And that’s what that initial song needed – some flavor, body, balance and interest.  There was nothing in the experience to offer a counterbalance to the good of it – to add an edge against which the good could contrast.

For those who are looking for an artificial reality, such music would be acceptable, comfortable.  For the rest of us… maybe that’s why I like John Hiatt, now.

Thank you I am slowly retreating from that “artificial reality” category.  For once, it was all about projecting what was supposed to be, rather than what was – about pretending this is already Heaven.  Thank you for freeing me from my denial.  Thank you for revealing to me the value in contrasting your good against the backdrop of our evil, imperfect world – it provides a more efficacious display of your glory…

foolishness

April 23, 2007

I have been reading Daniel Tammet’s blog critique of an interview of Richard Dawkins, author of The God Delusion.  Actually, I’ve been reading the comments to his blog.

Tammet is a functioning autistic savant in the UK who claims to be a Christian.  The people who have written in response to his review appear very intelligent and throw around words like “logic,” “science,” “chain of reasoning” and “rationality.”  They stir everyone who claims faith in anything into one deep, amalgamous cauldron of foolishness, making us out as followers of charismatic silliness – uncritical minds, incapable of systematic reason and study, and indifferent to research and analysis.  One respondent spouted on with simple questions that would have all been answered by anyone who had actually read through the Bible a single time – even if they didn’t believe it’s message.

But you know, the reason the world can’t understand the gospel – the reason it seems foolishness[i], is because its core is relationship, not manageable information.  God has used several relational similes in his attempts to give us an understanding of what the “him and us” thing is all about:  Father and child, Mother and child, Husband and wife, Bridegroom and bride, Friend to friend, Master and servant.

And relationships are sticky things when it comes to explaining them to others.  We got a random telephone call a number of years ago announcing that my cousin had recently married my second cousin.  They still struggle with peoples’ opinions about that.

Who can explain the absolutely irrational emotional commitment a co-dependent has to an addict?  Even when they have learned the “truth” of their situation and the fact that their pulling in closer – enmeshment – is part of the problem, they can’t let go without people around them coaching them to pull off the emotional suction cups. 

Someone who’s been the victim in an abusive marriage can tell you they struggled with thinking they were the problem.  Any onlooker could tell them they were confused.  But for them, it doesn’t feel that way in the moment.

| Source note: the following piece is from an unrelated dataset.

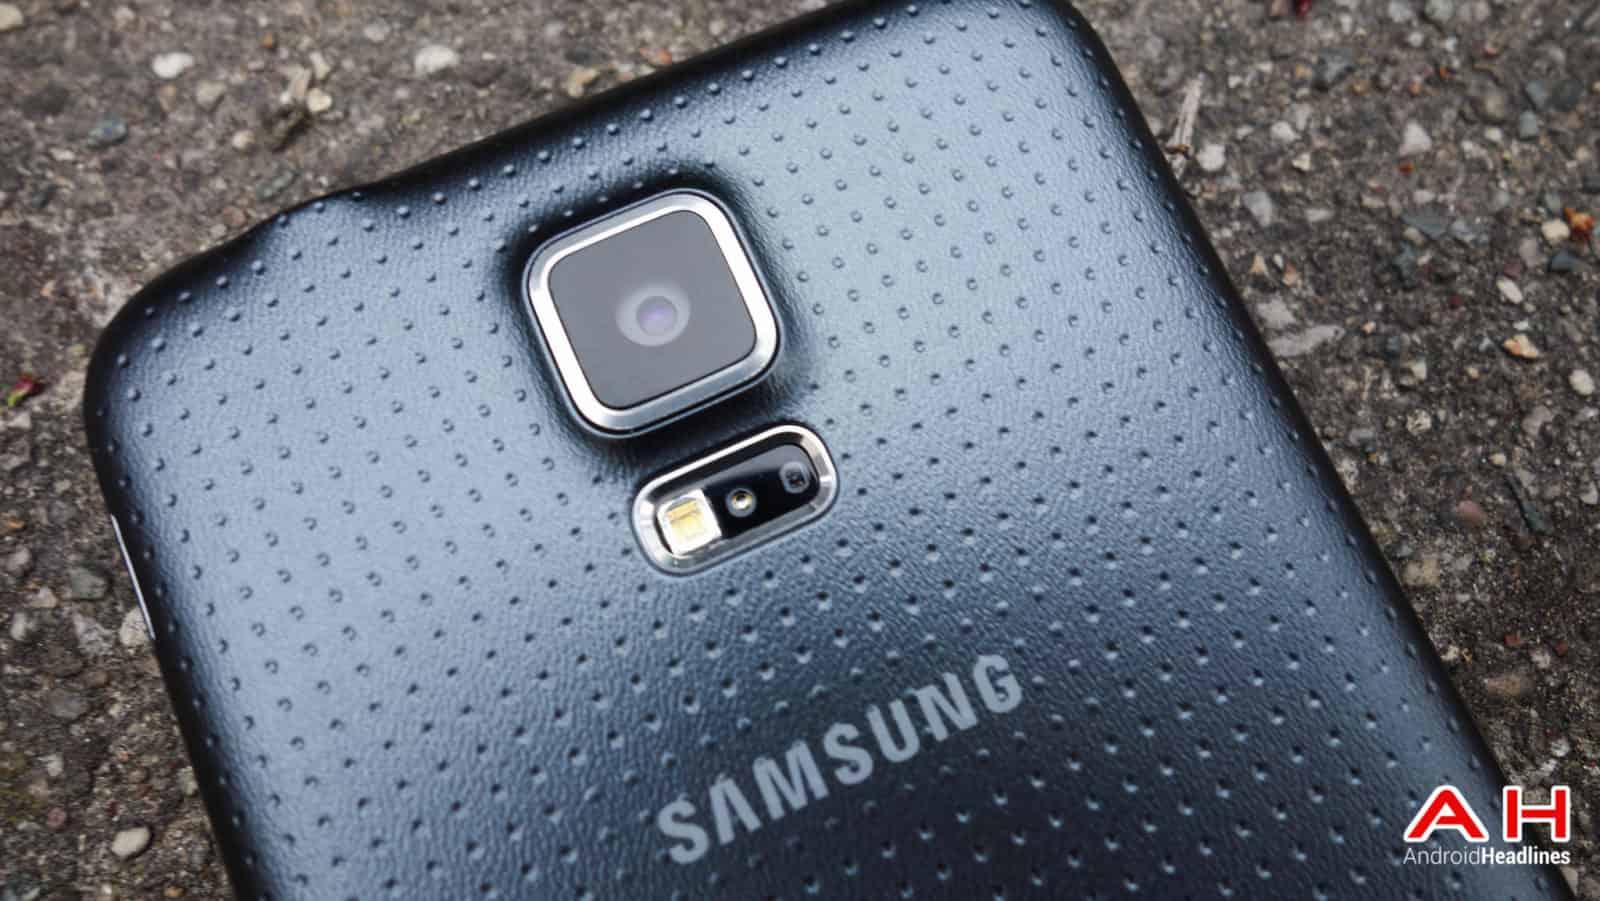 Samsung-galaxy-s5-ah-27

The forces at play in relationships are other-worldly.  They are confusing.  They are frequently irrational.  They are passionate rather than academic.  Or if they are academic, the relationship appears pretty turgid and boring.

If you tried to argue the gospel or faith on the basis of relationship, people would discount you as unwilling to debate.  They DEMAND that people of faith discuss according to scientific principles.  Do they discuss their relationships in that way?

We do in college psychology classes, and even, somewhat on Dr. Phil or Oprah.  But its not an exclusively scientific discussion.  And it never will be.  There are emotions involved.  We become protective against other people’s scrutiny.  We believe our situation unique – an exception to the general principles of psychology. 

If you look back at the stories of Adam and Job and Noah and Abraham, Isaac, Jacob, Joseph, Moses, Samuel, David, Daniel and Hosea, the essence of the good news – the original, before-the-canon-was-complete gospel of knowing God –was all about relationship and not doctrinal data.  And each of those relationships had very different appearances.  How can you explain that to someone who’s a stranger to you, both?



[i] I Corinthians 2:14

filling the gap

April 12, 2007

I still haven’t read Henry Blackaby’s Knowing God, but my son, Tim, led a youth Bible study with the book a few years back, before college.  One key concept that lingered from the study was, “Find where God is working and join him.”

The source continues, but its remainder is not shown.